Alopesan 400 is wel degelijk een serieus middel. Het is een product dat het DHT-hormoon remt (dmv Saw Palmetto en Zink). Je vind het ook op de gewone site van Vitamust, www.vitamust.nl

----------


## Agnes574

Dit artikel is geplaatst door een administrator....zonder bijbedoelingen;juist ter info!
Dit even voor de duidelijkheid!

----------


## johan26

Lol Agnes  :Big Grin:  Dit is een thread van 3 jaar geleden  :Big Grin: 

Denk je het echt dat het zonder bijbedoelingen is gepost? Mocht dat werkelijk zijn waarom is er dan een customerid aan de link toegevoegd, ik zal het uitleggen.. dit is de link: http://www.netdirect.nl/servlet/___?...d=1686&sid=259

Cid is in coderingen vaak de afkorting van CustomerID, een klantnummer. De link zoals hierboven krijg je meestal van degene waar jij geld van ontvangt. Het is geen link die jij maar eens even bedenkt. 

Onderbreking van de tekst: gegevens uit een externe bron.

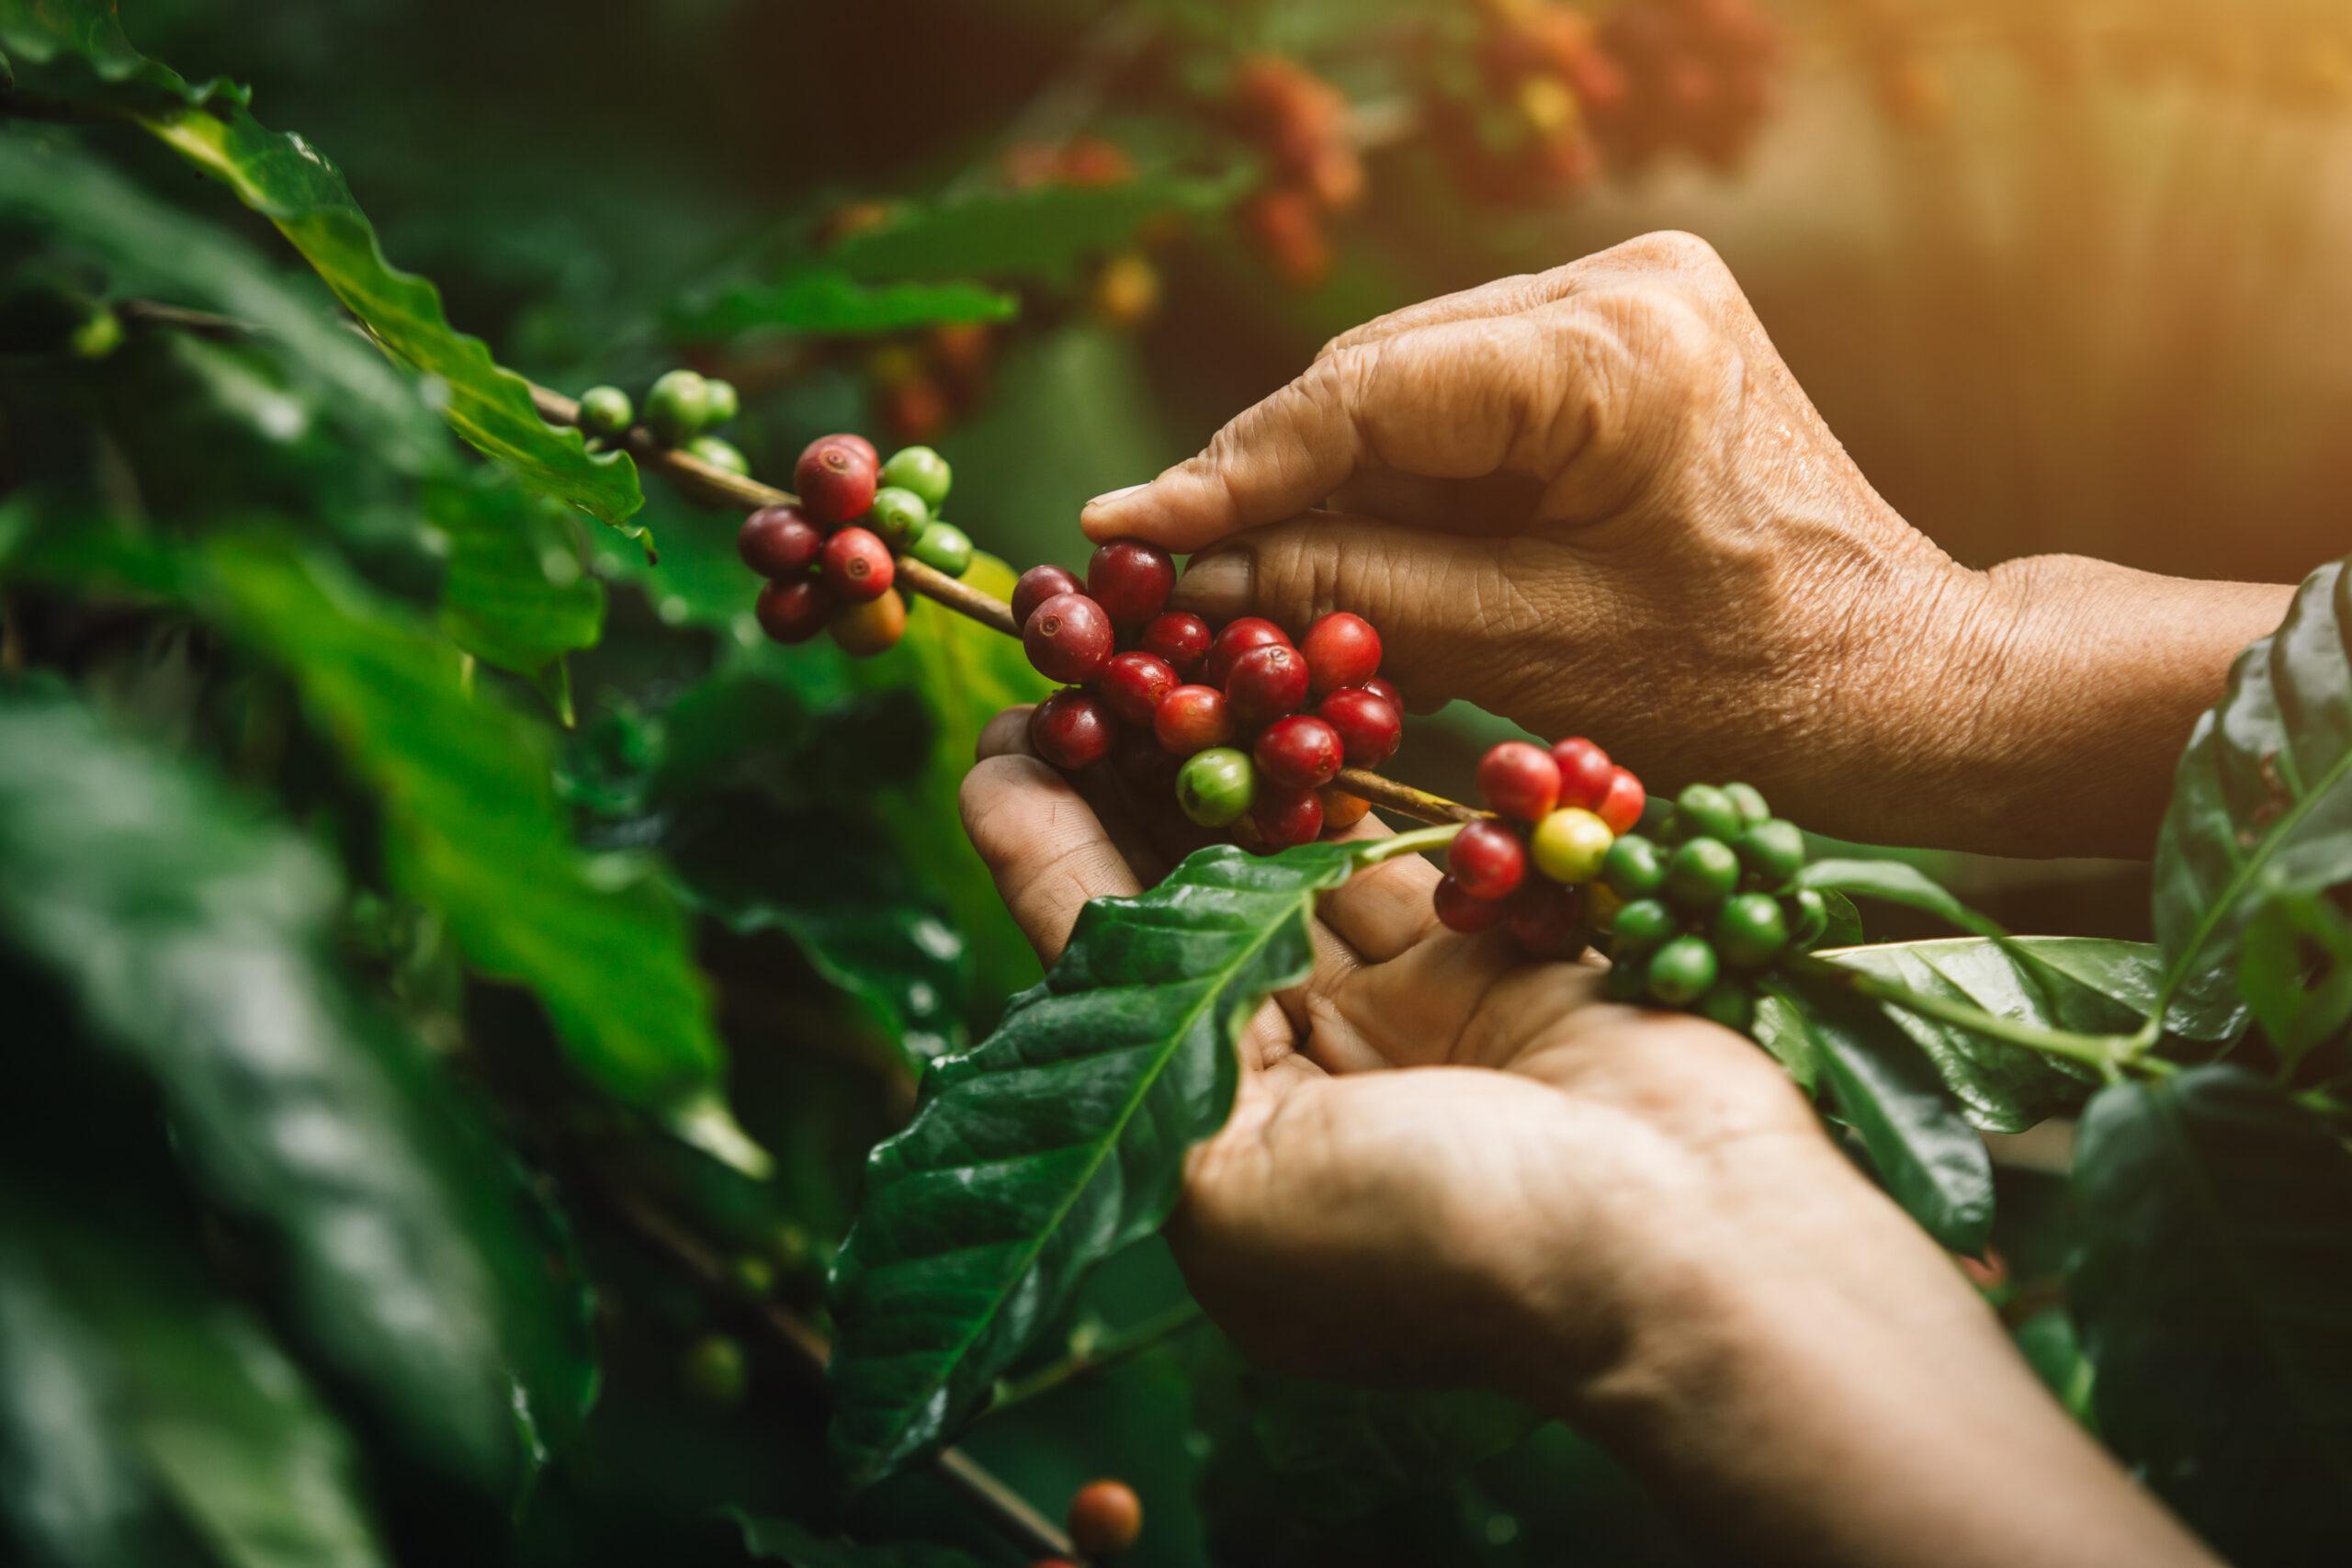 [coffee berries] Close-up arabica coffee berries with agriculturist handsNärbild på händer som skördar kaffe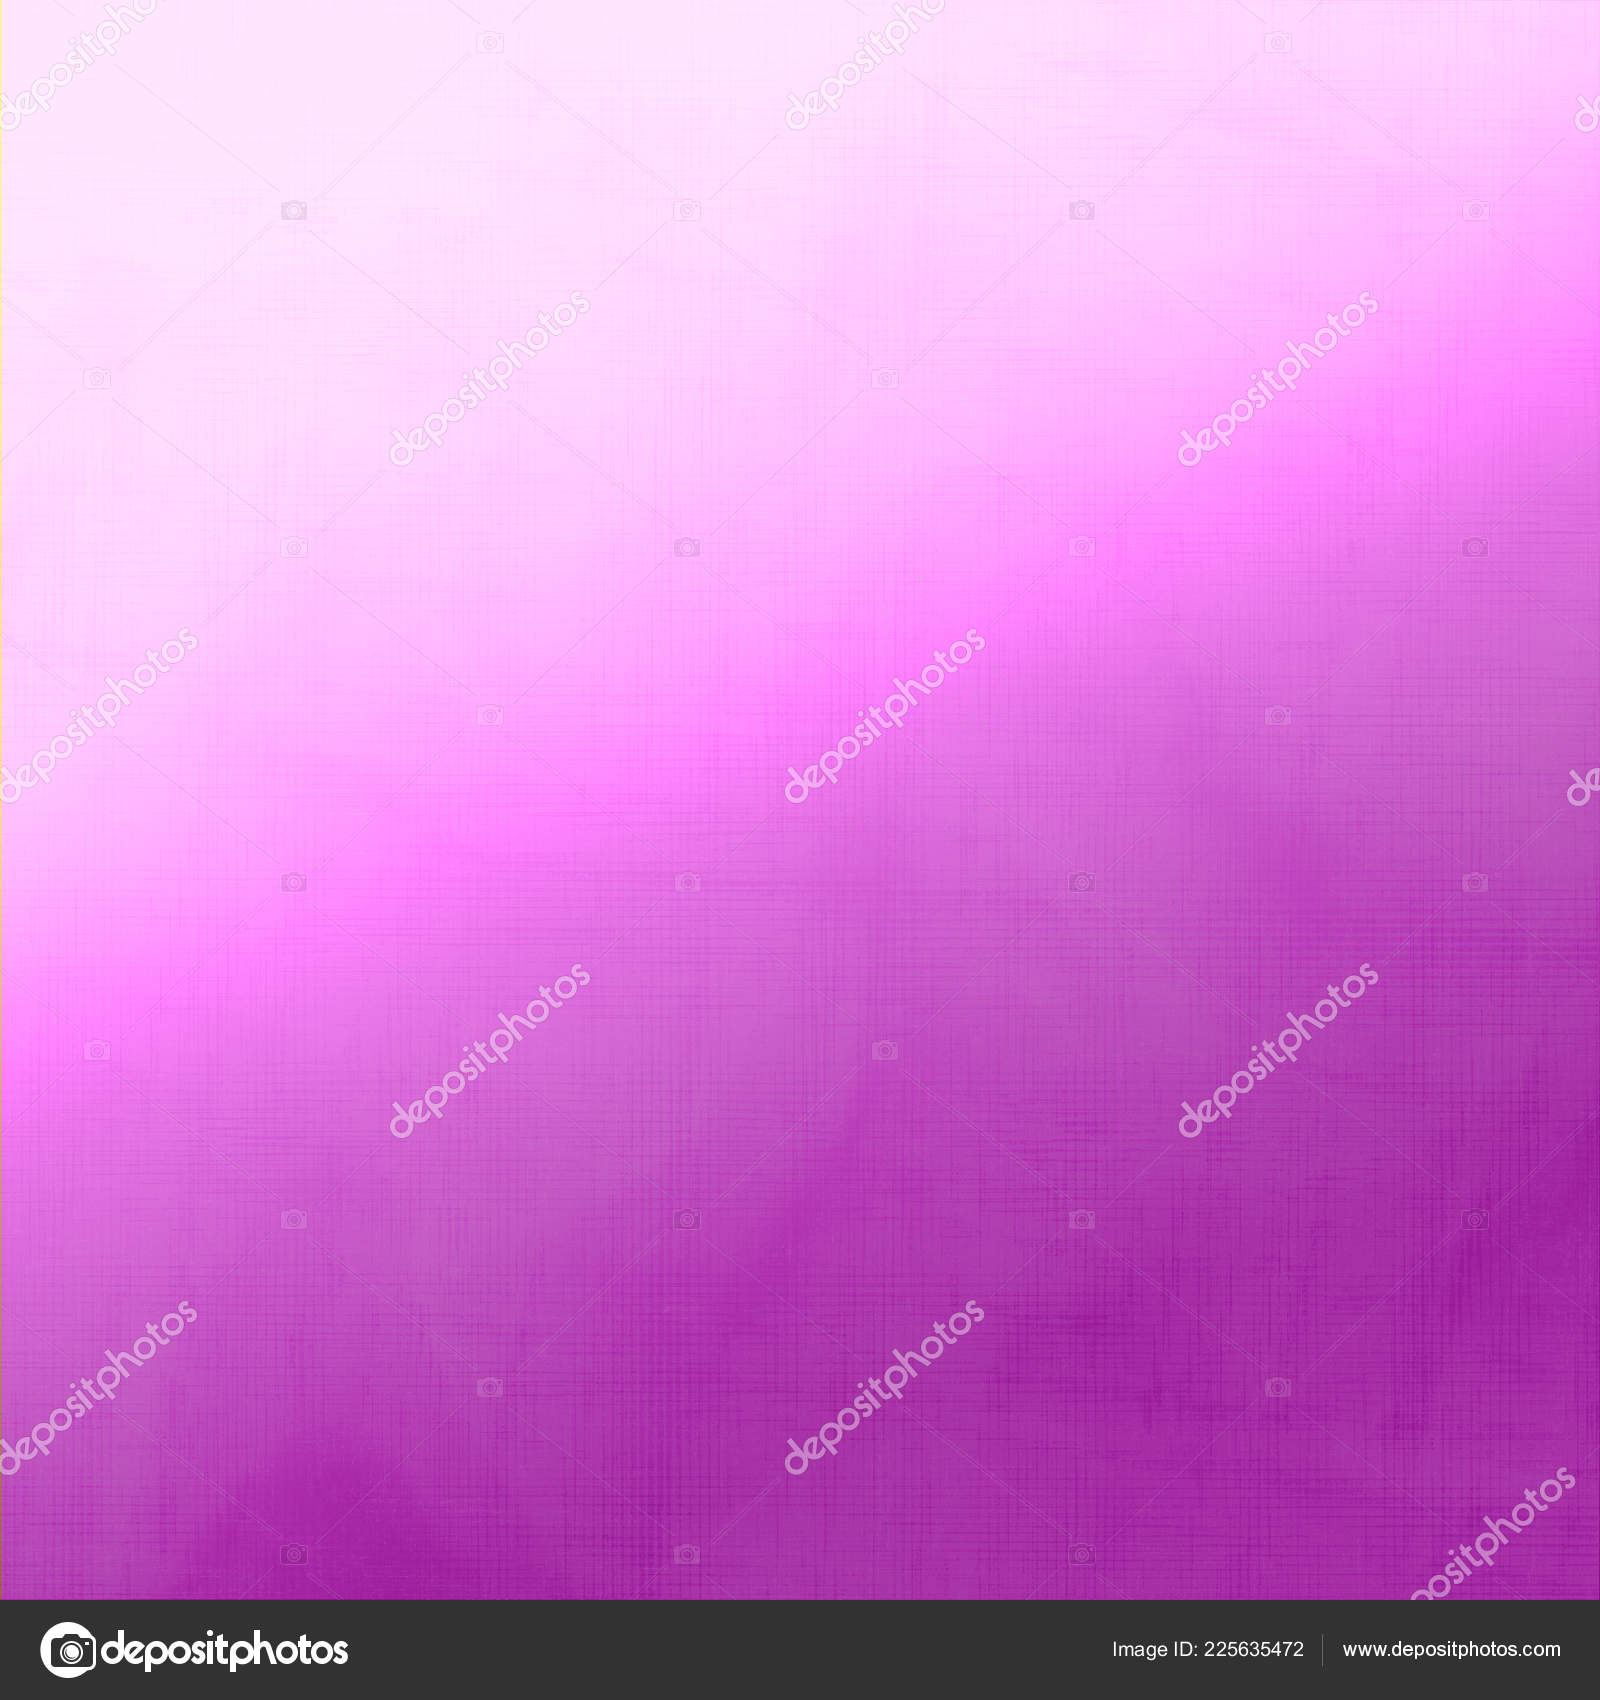 Fotografie Gradient Texture Pink Texture Sfondo Sfumato Rosa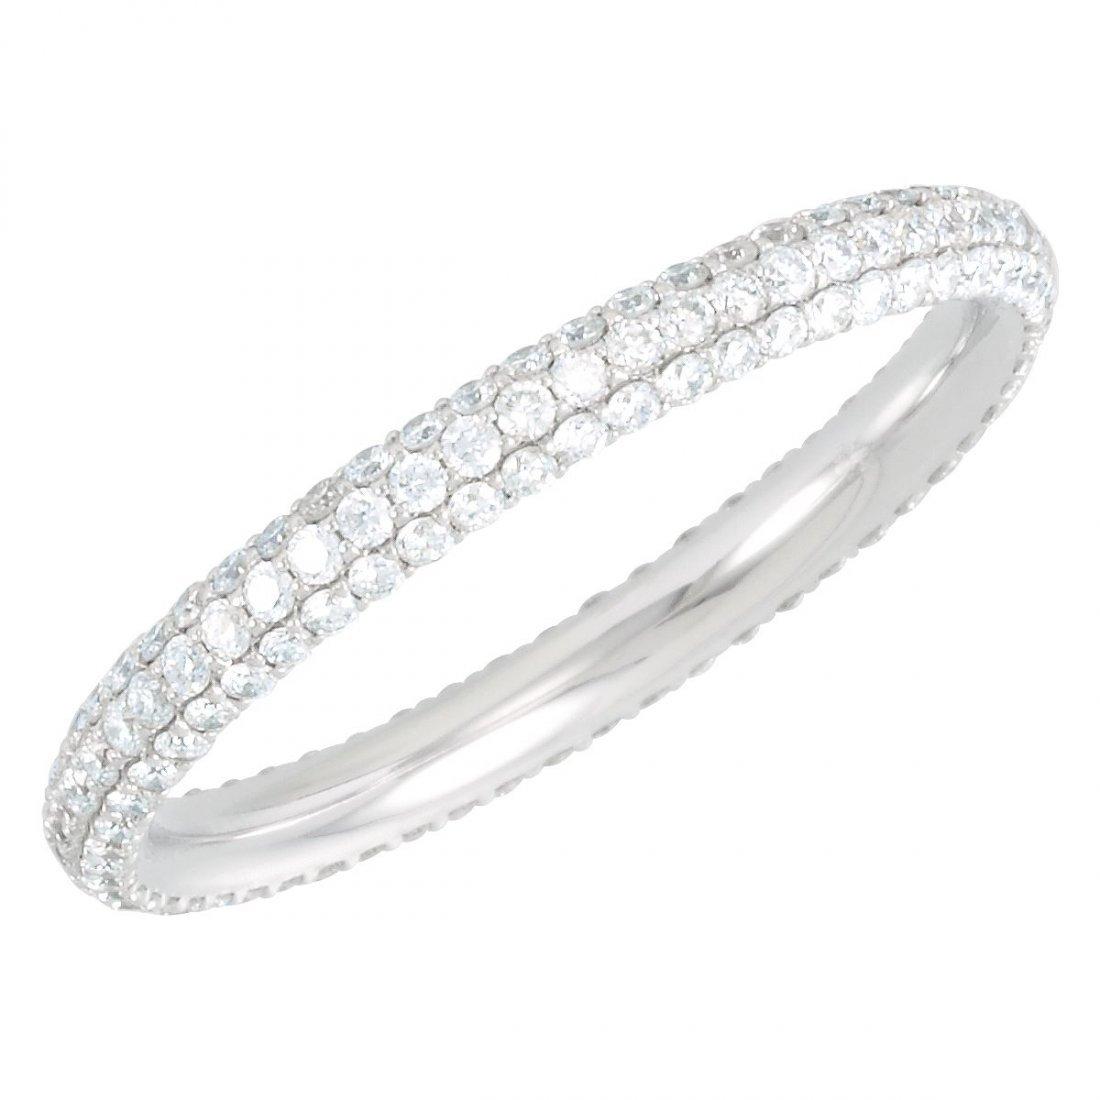 Ring - 7/8 CTW Diamond Eternity Band Size 6.5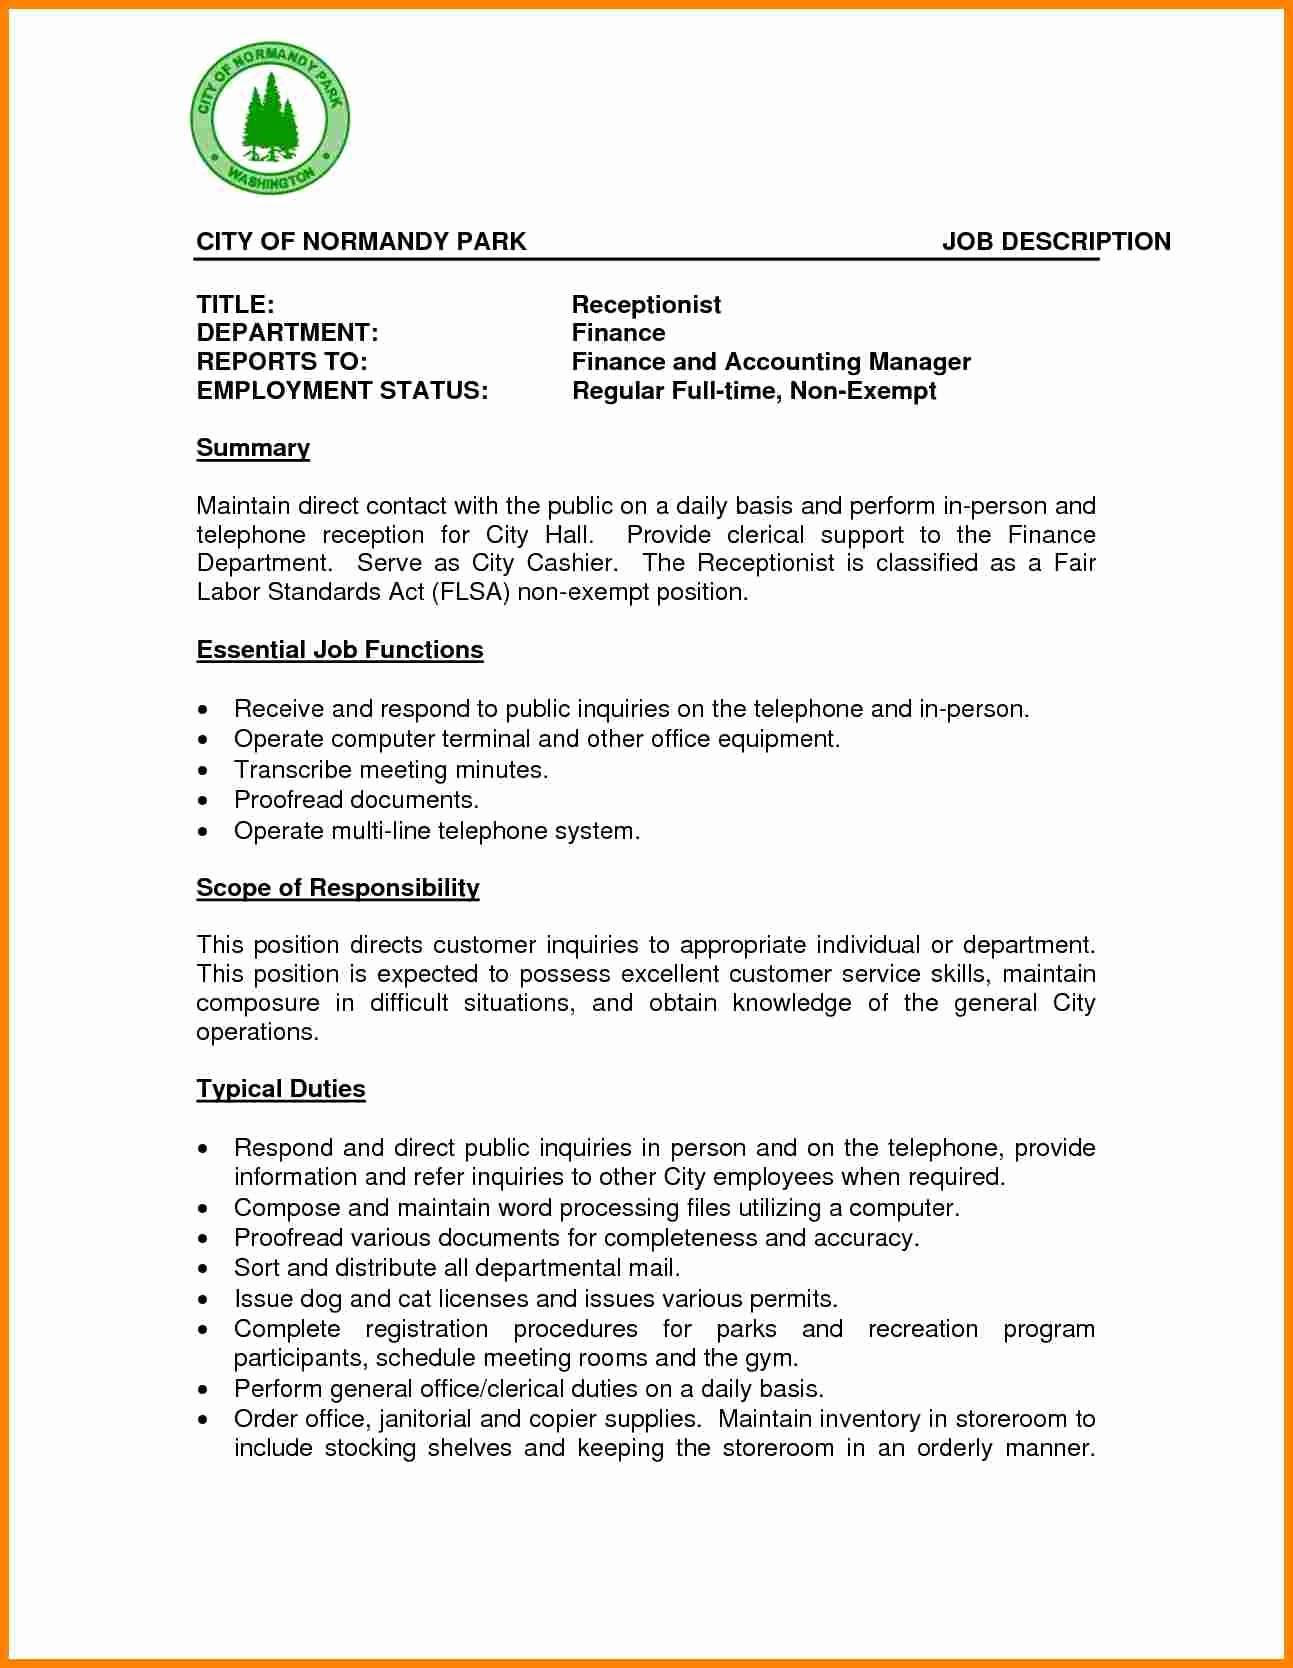 Resume Template for Office Job New 8 Medical Receptionist Job Description

Want mochten er geen bijbedoelingen erbij zitten dan had Jeroen ons gewoon naar de link gestuurd zonder die cid!!! En voor de duidelijkheid, netdirect.nl is een online advertising bureau waar je geld kan verdienen doordat andere op jouw link klikken haha

----------


## Agnes574

Amai...een pc-kenner in ons midden...dat moet ik onthouden voor als ik eens problemen heb..haha...ik zal Jeroen vragen om zelf uitleg te geven ok?  :Wink: 

wordt vervolgd!

----------


## sietske763

enne.....................hoe is het afgelopen??

----------


## Elisabeth9

Ja ik lees het artikel net....ben benieuwd....ach iedereen heeft het druk...òf waren de opbrengsten te weinig? ach grapje hoor, ha,ha,... :Big Grin:  effe jennen na 3 jaar, beetje leven inblazen....Persoonlijk denk ik dat een administrator het met de beste bedoelingen naar de mensen doet....aan de andere kant is er soms niets mis met geld want een bedrijf als MediCity moet toch geld hebben om dit alles te kunnen bekostigen nietwaar?  :Stick Out Tongue:  Prettig weekend en welkom in 2011..... :Wink:

----------


## dialysepatient

vraag, kan ik pruik op houden bij ct scan van de hersenen?

----------


## gossie

heb je dit ook voor gelegd bij je specialist die je CT-scan afneemt. Niks is vreemd om de gespecialiseerden het vragen. Schroom je niet, zij zijn er bekend mee. 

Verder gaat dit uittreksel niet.